Герберт потоптался, положил квитанцию о покупке телевизора в карман и пошел к машине.

– Я поеду, мне надоел этот спектакль.

Родственники попытались его удержать, а Стюард снова повторил свою таинственную фразу:

– Это его прерогатива. Он может уехать.

Отъехав пару километров, Герберт весело порвал квитанцию об оплате телевизора. Не успел он припарковать машину у дома, как ему позвонил полицейский.

– Вы не могли бы приехать и выдать молодому человеку его кошелек и документы?

– Только если вы проследите, чтобы он ничего не стащил из квартиры…

Герберт снова ехал по той же дорогое. Ему отчего-то было приятно валяться во всей этой грязи. Склока радовала его.

Прибыв на место, Герберт подошел к полицейскому, который демонстративно не выходил из машины, таким способом выражая свое презрение к происходящему. Вот если бы произошло убийство, или серьезная кража – тогда другое дело. А тут вызвали по пустяку…

Стюард рыскал где-то в стороне (видимо, искал пропавшую квитанцию на телевизор).

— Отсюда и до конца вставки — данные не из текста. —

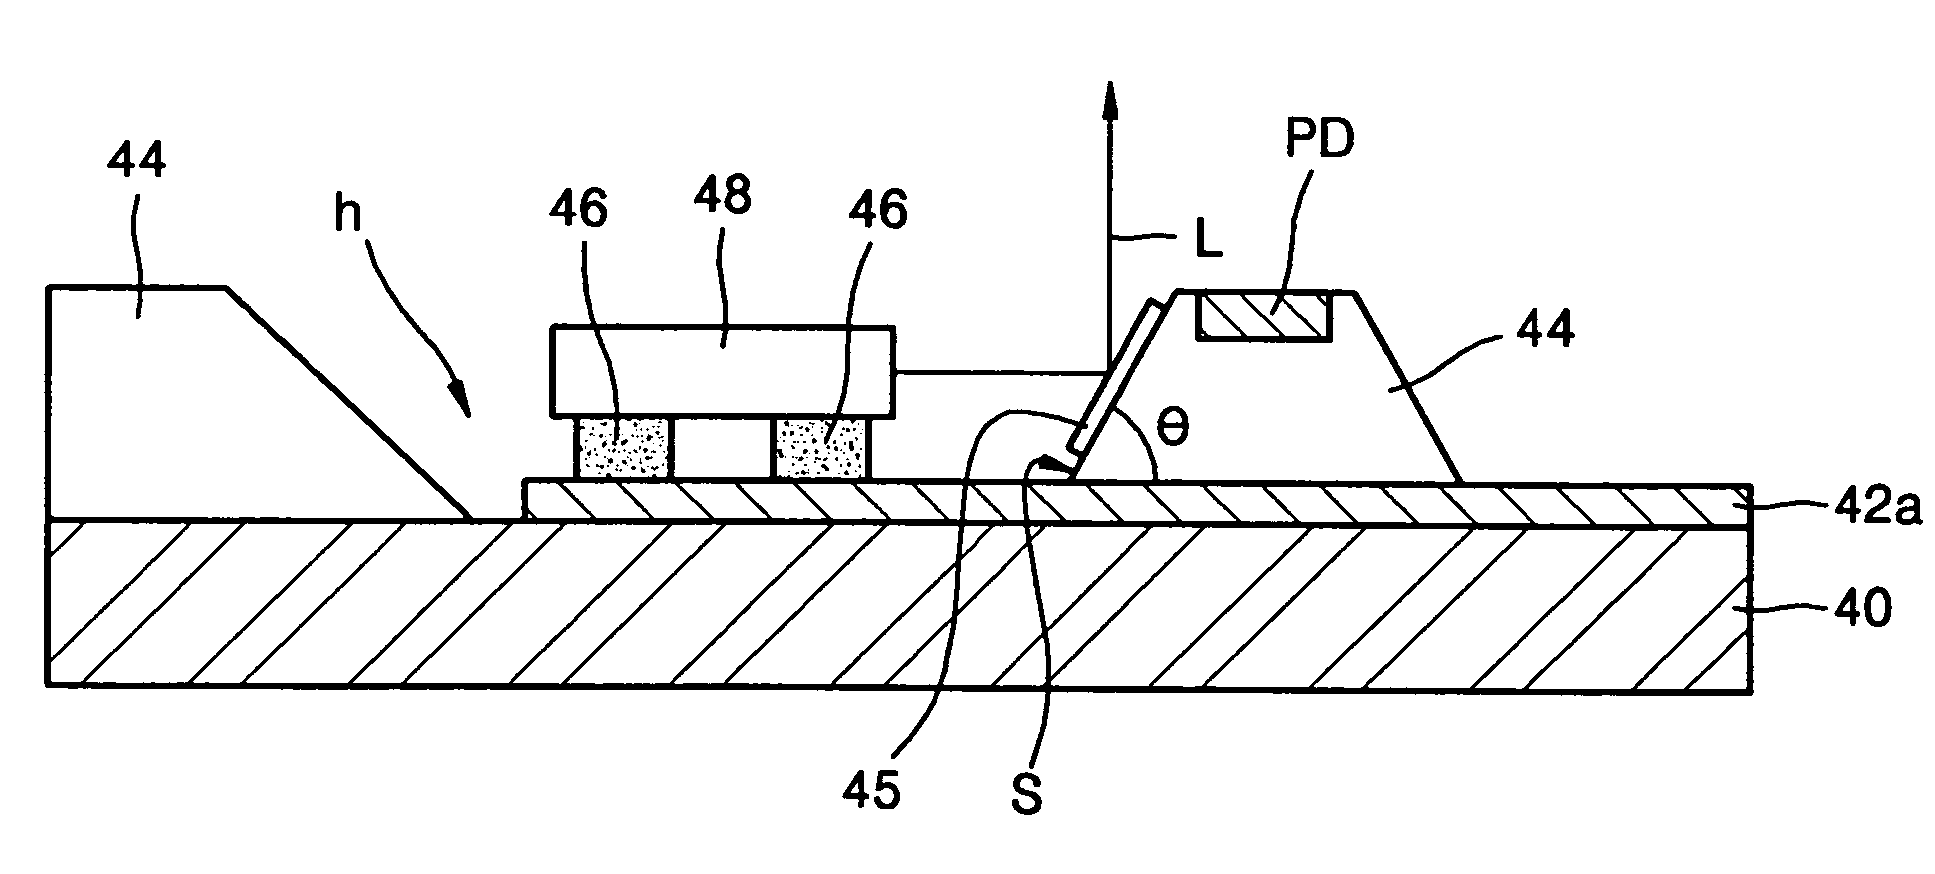 Micro optical bench structure and method of manufacturing the same

Герберт умел и даже любил разговаривать с властями. При этом он входил в такое чудное состояния полного слияния с государством, мыслил как оно, дышал категориями всеобщего блага, что неизменно оказывался на высоте и считался крайне добропорядочным гражданином. Это было вовсе не от лицемерия. Просто в Герберте жили два человека: один – несносный бунтарь и анархист, другой – законопослушный член общества. В каждый отдельный момент Герберт свято верил в собственную искренность. Правда, каждый раз после перехода от государственного образа мысли к диссидентскому у него немного кружилась голова и пощипывала совесть… Потом он долго и несносно болел, понимая, что только не подал виду, а на самом деле тяжело и вовсе не бесследно пережил предательство самого себя.

Итак, он вежливо и с максимально допустимой в подобных обстоятельствах правдивостью ответил на все вопросы полицейского, сообщил, что квартира не имеет к Стюарду никакого отношения и так далее, и попросил полицейского поприсутствовать, когда Стюард будет допущен внутрь.

Полицейский хмуро согласился, неуверенно пробормотав, что вообще-то не следовало менять замок, но Герберт произнес какие-то совершенно правильные с законной точки зрения слова, и полицейский отправился наблюдать за порядком в квартире.

Герберт открыл дверь и по-хозяйски уселся за обеденный стол, предложив и полицейскому сесть, но тот отказался и остался стоять у входа.

Родственники попытались было тоже сунуть нос, но Герберт вежливо сказал полицейскому:

– Я хотел бы, чтобы эти люди не входили. Пусть войдет только Стюард.

Полицейский как-то незаметно вытолкал родственников за дверь, и те понимающе подчинились. Вообще с появлением ими же вызванного полицейского вся святая троица стала словно шелковая.

Стюард стал подносить Герберту различные вещи, спрашивая, может ли он их взять.

– Нет, это вещь спорная, – не без видимого удовольствия отвечал Герберт на все, что подносил к его носу Стюард. Все, включая чуть ли не зубную щетку!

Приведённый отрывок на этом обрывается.